A Variable Bitwidth Asynchronous Dot Product Unit

Nov 11, 2024 · 796 words · 4 minute read

Abstract 🔗

We demonstrate a many operand asynchronous dot product with adjustable bit width for one of the multiplication tuple operands. The generalised algorithm called MADD relies on the commutative aspects of both the addition order and multiplication tuple operands. The approach is deeply wedded to asynchrony due to optimisation of the variable bitwidth memory architecture. Although specialised, this algorithm has a significant practical application in deep learning models particularly in managing the variable operand size due to the data variability, layering and optimisation process.

Introduction and Prior Work 🔗

Dot products are the workhorse of many signal and data processing methods. Latterly they have gained prominence as the main distributed processing element within deep learning architectures, with much new accelerator design based around systolically organised Multiply Accumulate units \cite{Jouppi:2017:IPA:3079856.3080246}. It is worth noting that these designs tend to focus on memory localisation thus minimising the energy drain of moving large amounts of data to their processing. Specifically we treat a dot product as this:

$$ S = \sum_i^I w_{i} a_{i} $$

Asynchronous Dot Product 🔗

Under a simple scheme, a variable number of $$(w,a)$$ tuple pairs can be added arbitrarily to the array at their $$w$$ index point. A dot product on this multiplexed array can be evaluated efficiently and in a systolic way using the Multiplicative ADD (MADD) algorithm (Algorithm below). Here $$(w,a)$$ is mapped such that a = memory[w].

algorithm

The crucial asynchronous aspect of this work is to note that the iterating While loop is conditional on the MAXVAL, (which is established when the data is loaded into the memory structure) so the array clock cycles are dependent on the size of the indexing variable. Given this advantage, the operations cannot be clocked with a known cycle size. This necessitates an asynchronous control signal, which effectively notifies communicating circuits that the operation is finished.
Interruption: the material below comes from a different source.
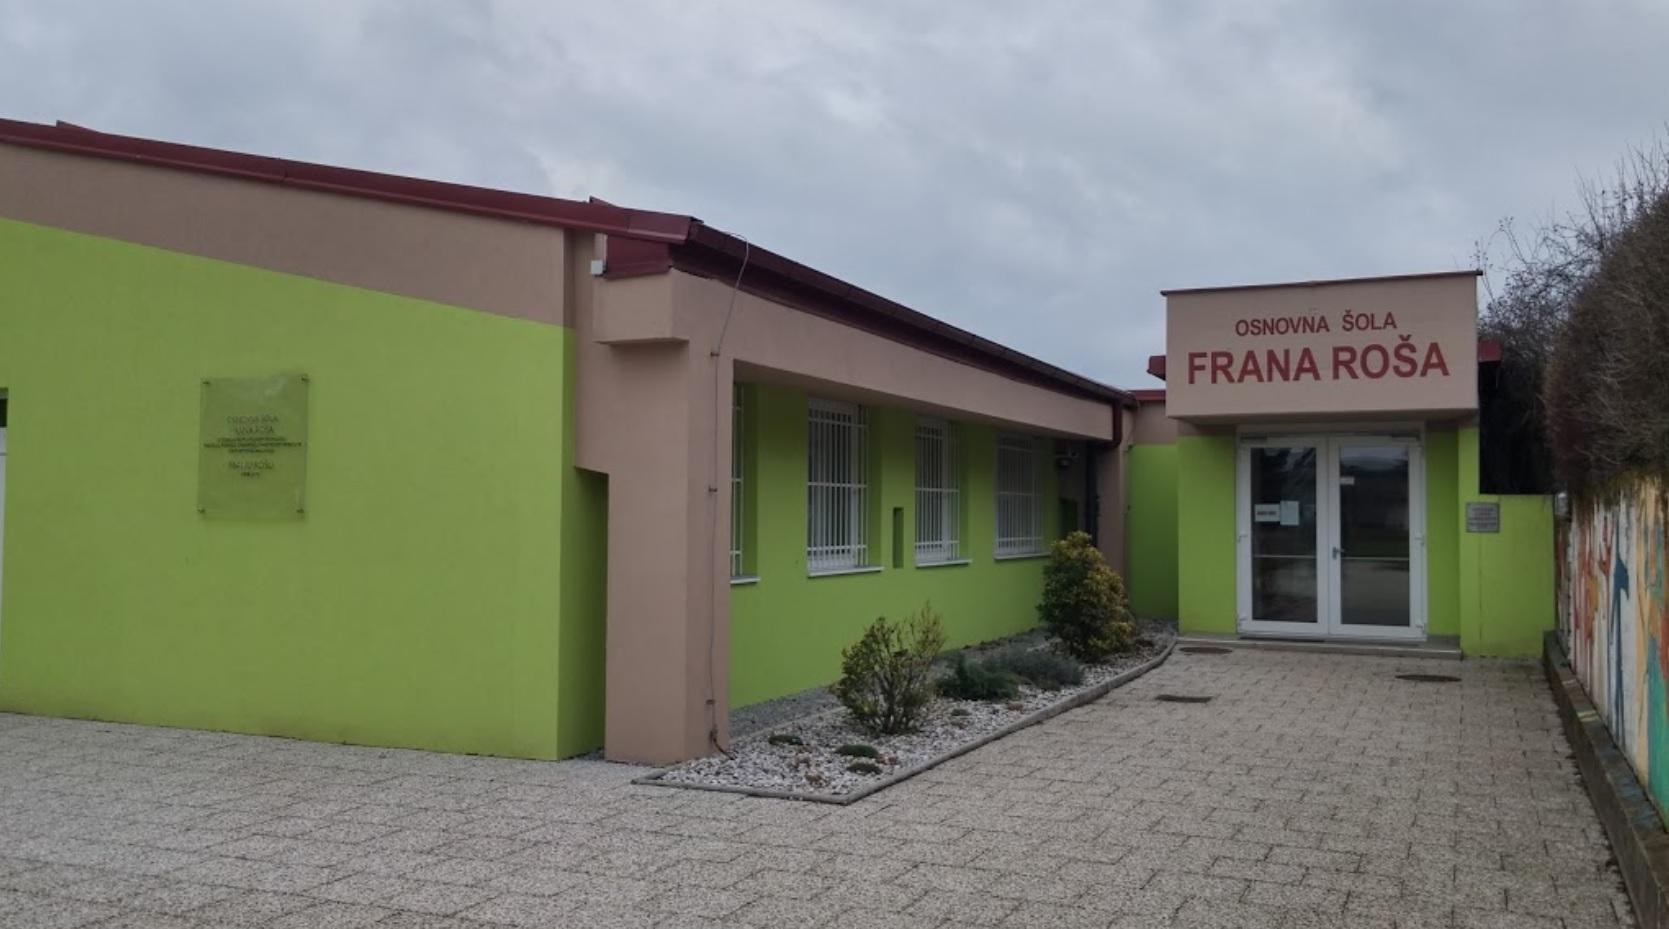 frana-rosa-1

MADD Algorithm: Hardware Implementation 🔗

A shift-register holds the array of multiplicands. The MADD algorithm processes one multiplicand per clock cycle and takes $$M$$ clocks to compute the dot-product of $$M$$ multiplicand-multiplier pairs. The multipliers are represented by the index positions of the multiplicands in the MADD array (starting with a multiplier of one). Although the multipliers are fixed constants, by using a large MADD array we can emulate multiply-accumulate of variables. For example, a MADD array of size 255 with 8-bit multiplicands can emulate an $$8 \times 8$$ variable multiply-accumulate.

Critical path length can be reduced by using the output from the \emph{height} register rather than taking the result from the first adder. However, this would result in one extra cycle to complete the calculation.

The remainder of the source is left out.